Stored Text Messages Ruled Not Subject to Wiretap Act
One of my favorite shows, The Wire, is about to start on HBO, and in a life/art convergence moment, Declan McCullagh has just written about a drug case where according to the opinion the government seized “97 kilograms of cocaine, 3 kilograms of crack cocaine, and in excess of $800,000” in part by using taps and gaining access to text messages. As part of their defense, the defendants claimed that the government’s use of stored text messages and a GPS device to track a car were improper. U.S. District Judge Huvelle ruled that the government access to stored text messages is not subject to the Wiretap Act. The opinion makes the distinction between the Wiretap Act and the Stored Communications Act. The opinion also addresses the use of a GPS device to track the car and found that one does not have an expectation of privacy when on public roads but does have an expectation of privacy at home thus data related to using the device while the subject was at home was suppressed.
In short, Judge Huvelle noted that “An ‘intercept’ is defined in the Wiretap Act as ‘the aural or other acquisition of the contents of any wire, electronic, or oral communication though the use of any electronic, mechanical or other device.’” She then explained “Courts consistently have held that the Wiretap Act governs only the acquisition of the contents of electronic communications that occur contemporaneous with their transmission, and not — as is the case here — the subsequent acquisition of such communications while they are held in electronic storage by third parties.” Next Judge Huvelle pointed out that when considering stored electronic communications the Stored Communications Act controls and that the Act “the procedures the government must follow to access the contents of stored electronic communications ‘are considerably less burdensome and less restrictive than those required to obtain a wiretap order under the Wiretap Act.’”

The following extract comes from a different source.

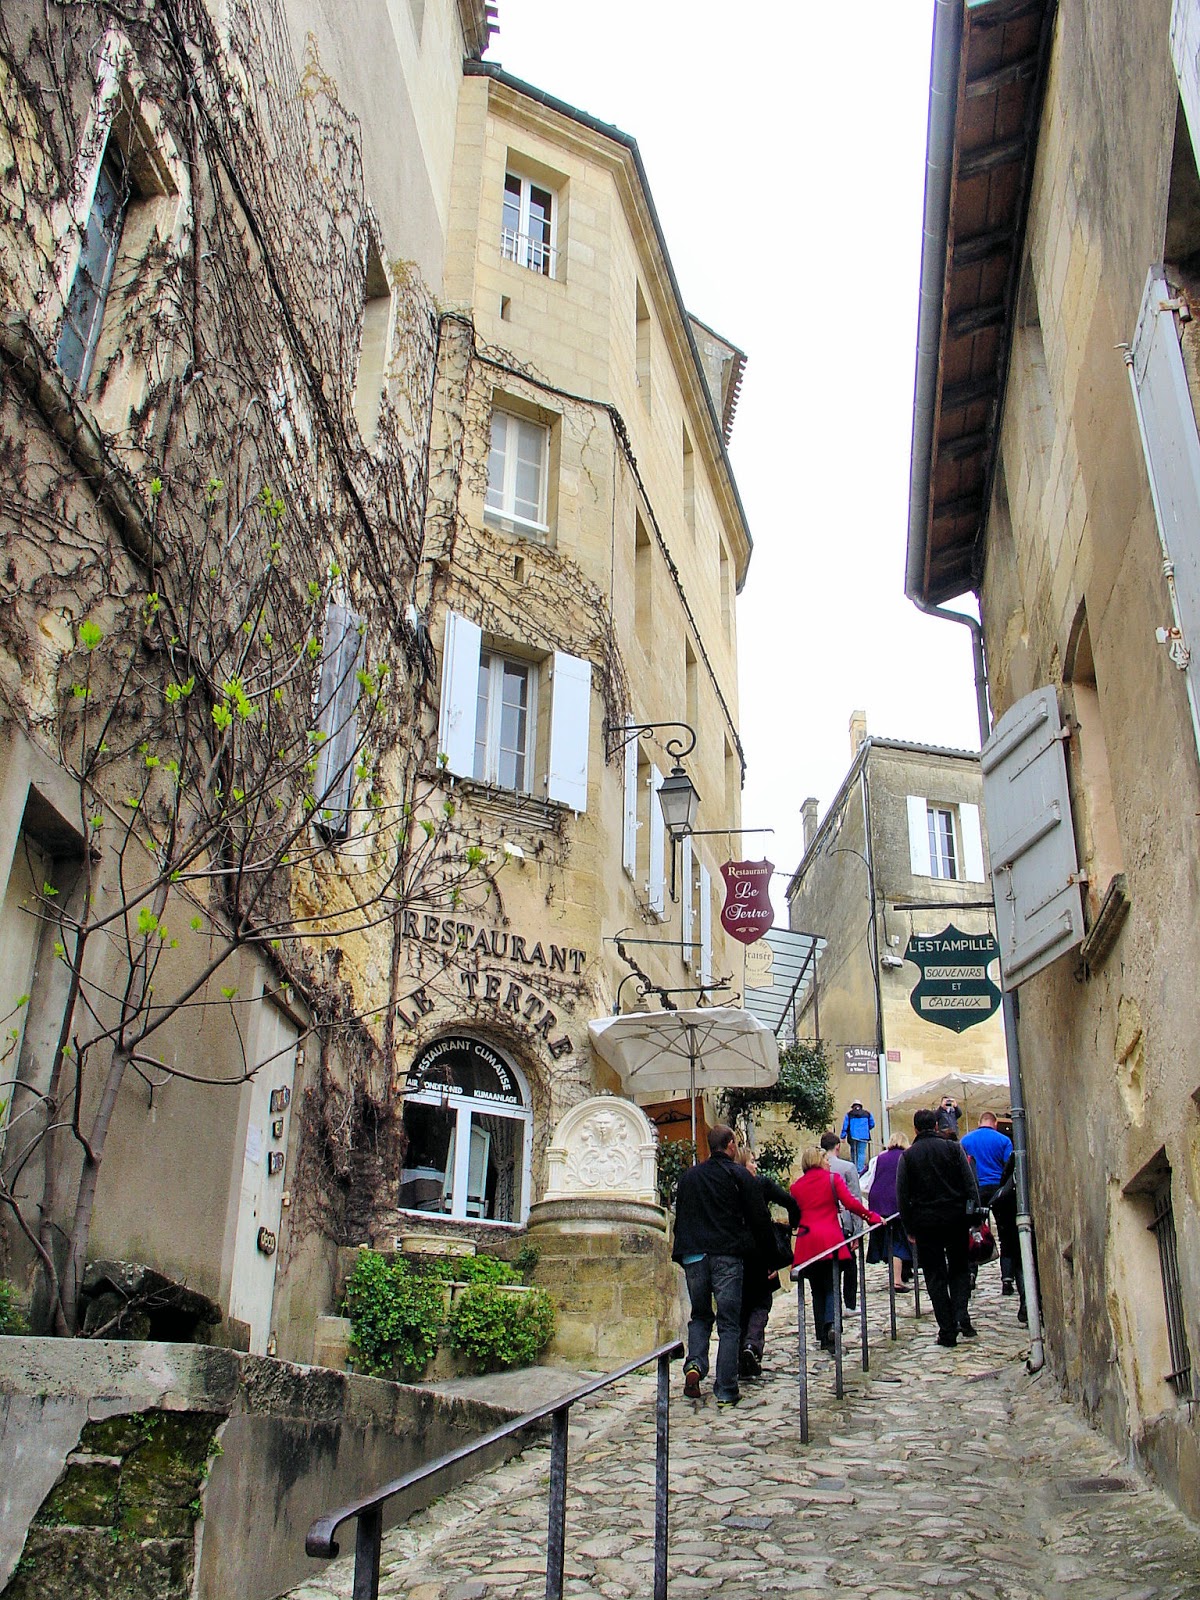 Look at the slope of this cobbled hill in Saint-Émilion. Quaint narrow lanes lined with medieval architecture are home to enchanting cafés and shops.

So for those of you who think that text messages or emails are lost to the ether, they aren’t. According to the Stored Communications Act if the provider stores the information for 180 days or less, the government may gain access to it with a warrant.
As for the tracking device, in the case at hand it appears that the government obtained a warrant to use it, the warrant expired, and the government continued to use the device. It seems that Judge Huvelle’s point about privacy on public roads as opposed to in one’s home is that the government never needed a warrant in the first place when tracking someone in public so the expired warrant did not matter. CNET has previously noted that the Washington Supreme Court has ruled that using a GPS device should require a warrant because “use of GPS tracking devices is a particularly intrusive method of surveillance, making it possible to acquire an enormous amount of personal information about the citizen under circumstances where the individual is unaware that every single vehicle trip taken and the duration of every single stop may be recorded by the government.” But the article also quoted Concurring Opinions own Dan Solove as explaining that if the U.S. Supreme Court rules on the use of GPS devices it is unlikely to agree with the Washington ruling.